2
2
Утром – совсем весна. Широкие горизонты, изумрудные озими, деревни с белыми хатами мелькают по обеим сторонам вагона. Хорошо на все это смотреть под рассказы Яна о жизни в Полтаве, о любви его к Малороссии, к ее песням. Он восхищается «дивчатами», их силой, энергией. Они сильны «как дьяволы» и в нужную минуту умеют так ловко отстранить назойливого воздыхателя, что искры из глаз посыпятся. «А как они деловиты, чистоплотны! не то что наши. В каждую хату приятно войти…» И он с присущим ему талантом передает длинные разговоры в лицах, вставляя целые малорусские фразы. В вагоне-ресторане сидим почти весь день, и нас не тревожат: пьем дорогое вино, щедро даем на чай.

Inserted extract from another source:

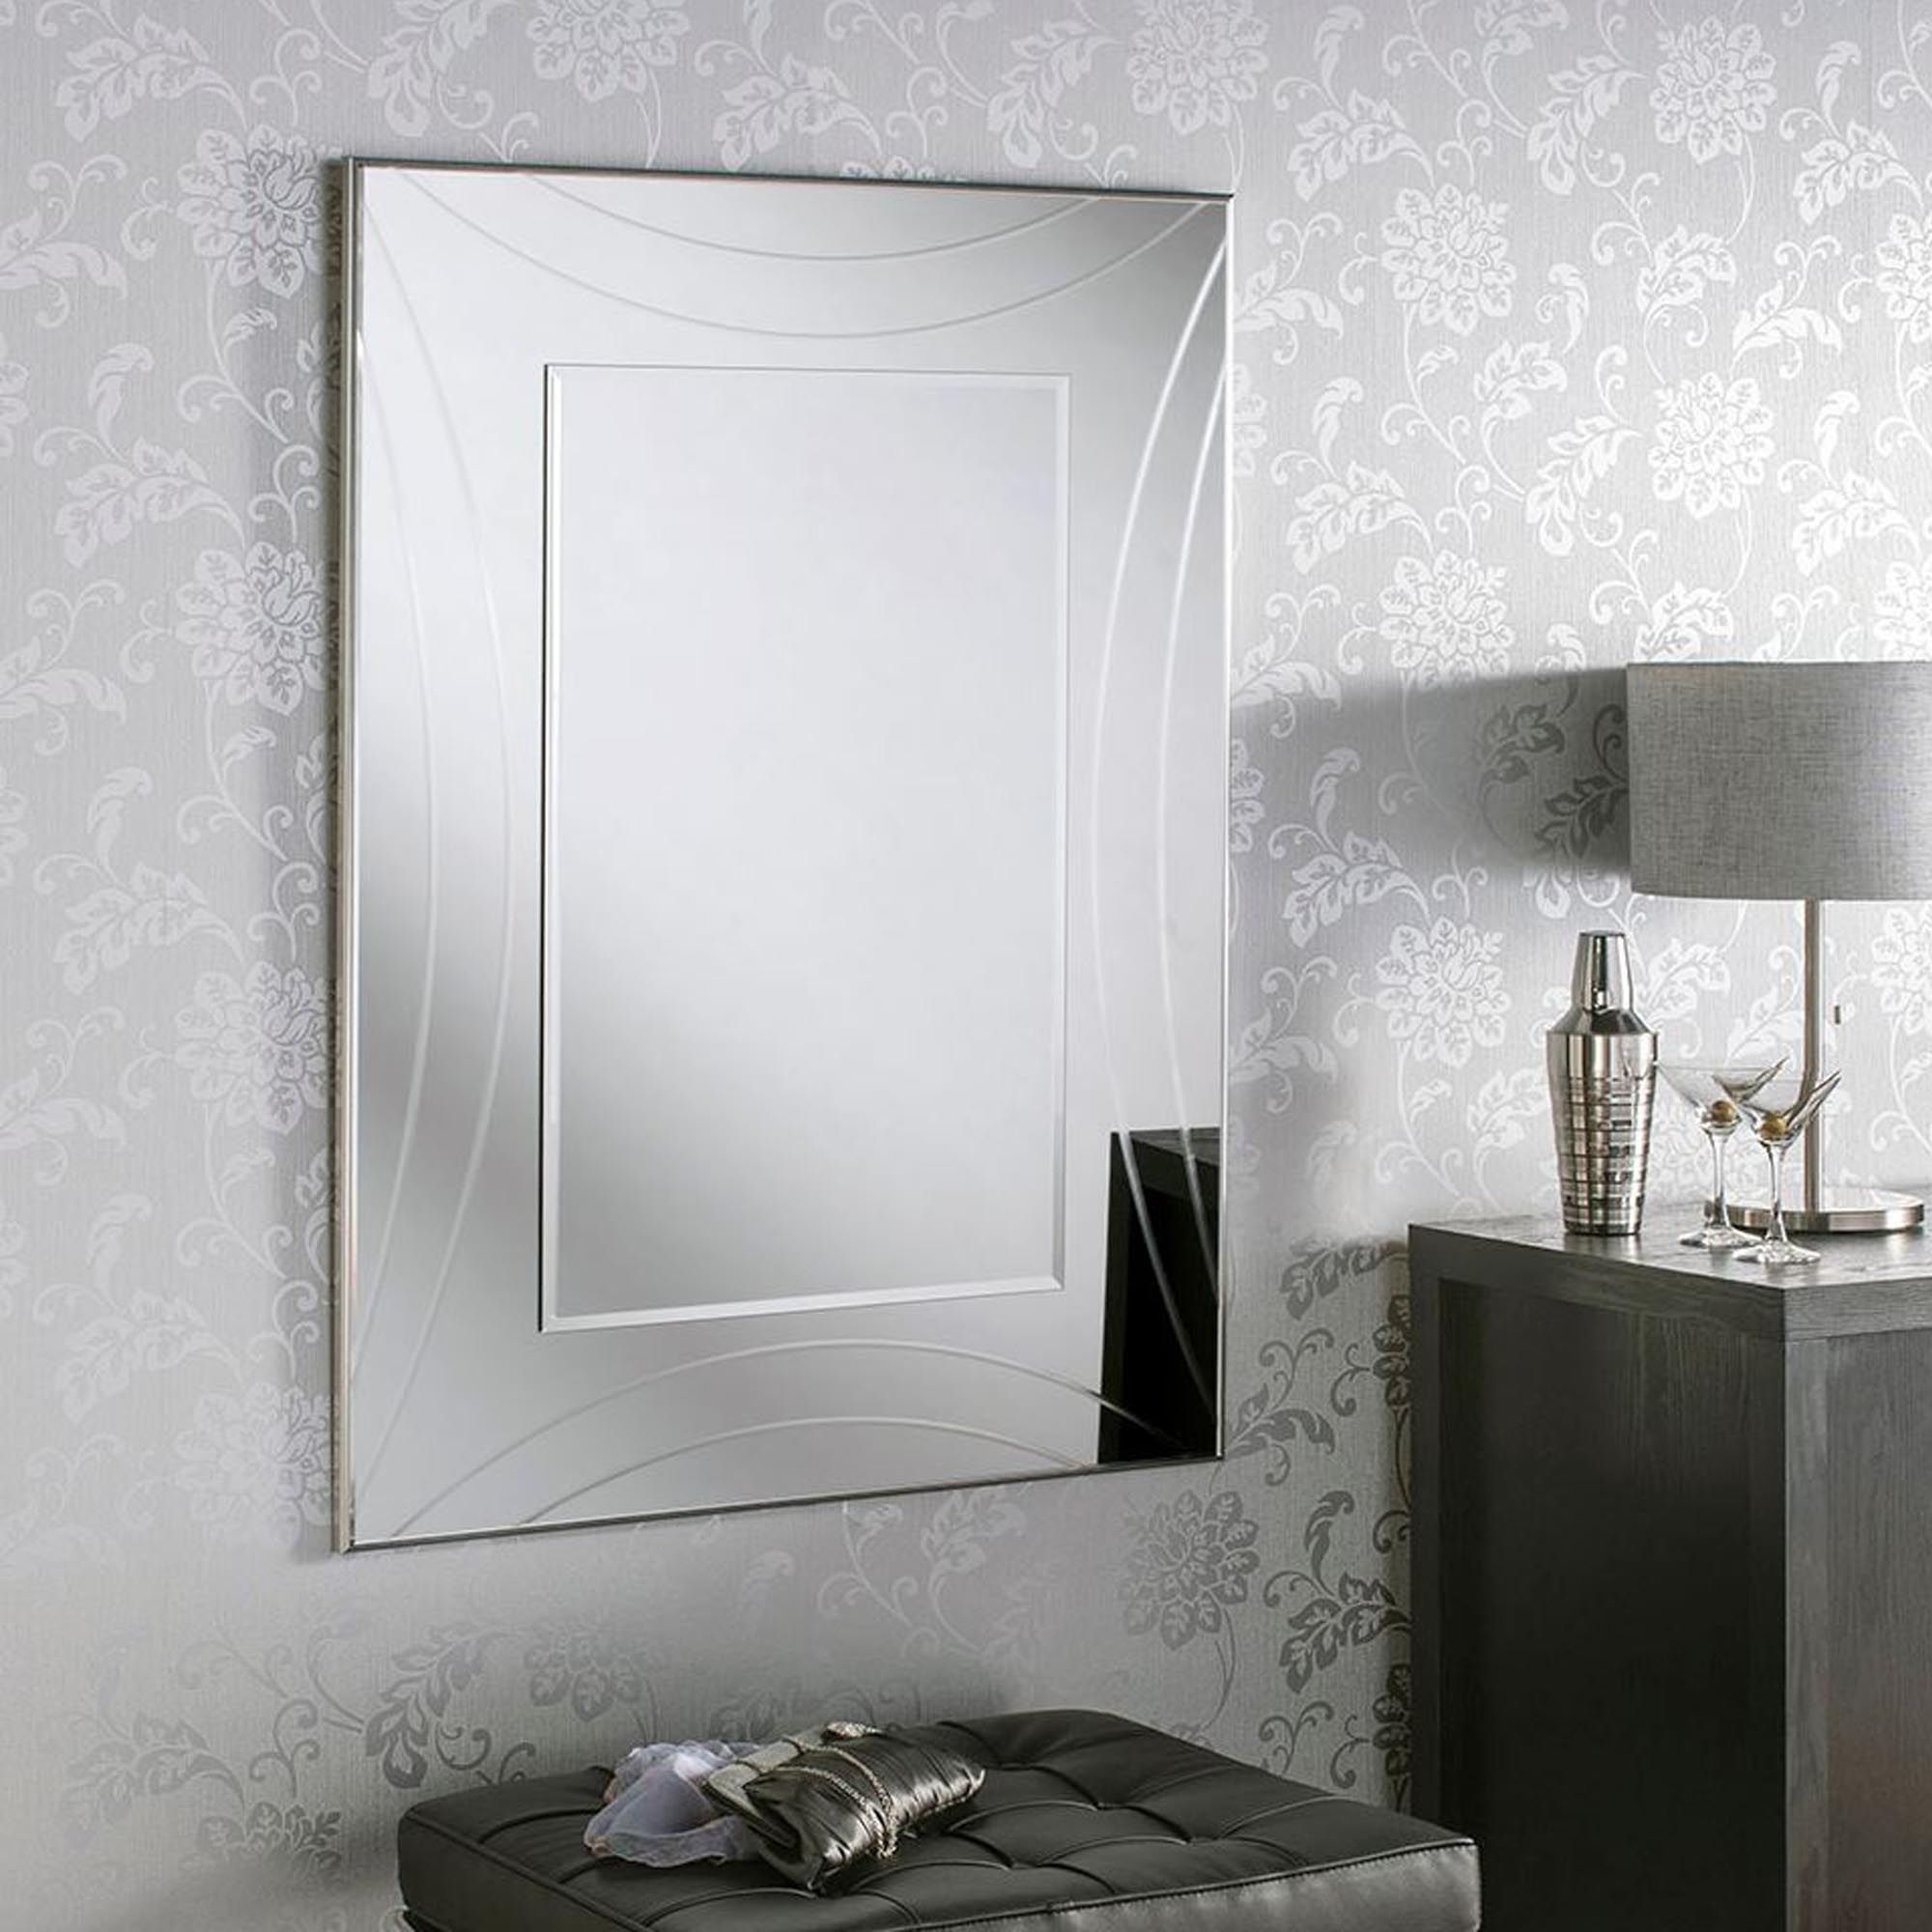 Contemporary Silver Rectangular Wall Mirror | Homesdirect365 Pertaining To Black Beaded Rectangular Wall Mirrors (View 12 of 15)

Меня все волнует, но я сдержанна. Я все время в каком-то тумане. Все еще не верится, что проведена какая-то резкая черта в моей жизни, что со многим я порвала навсегда, что в жизнь мою вошел Ян…
Подъезжаем к Нежину – и замирает сердце: здесь учился Гоголь! И так живо вспоминается детство, когда казалось, нет в мире лучше края «Вечеров на хуторе близ Диканьки».
Воздух уже по-южному мягок и напоен весенними ароматами. Я не могу оторвать глаз от пирамидальных тополей.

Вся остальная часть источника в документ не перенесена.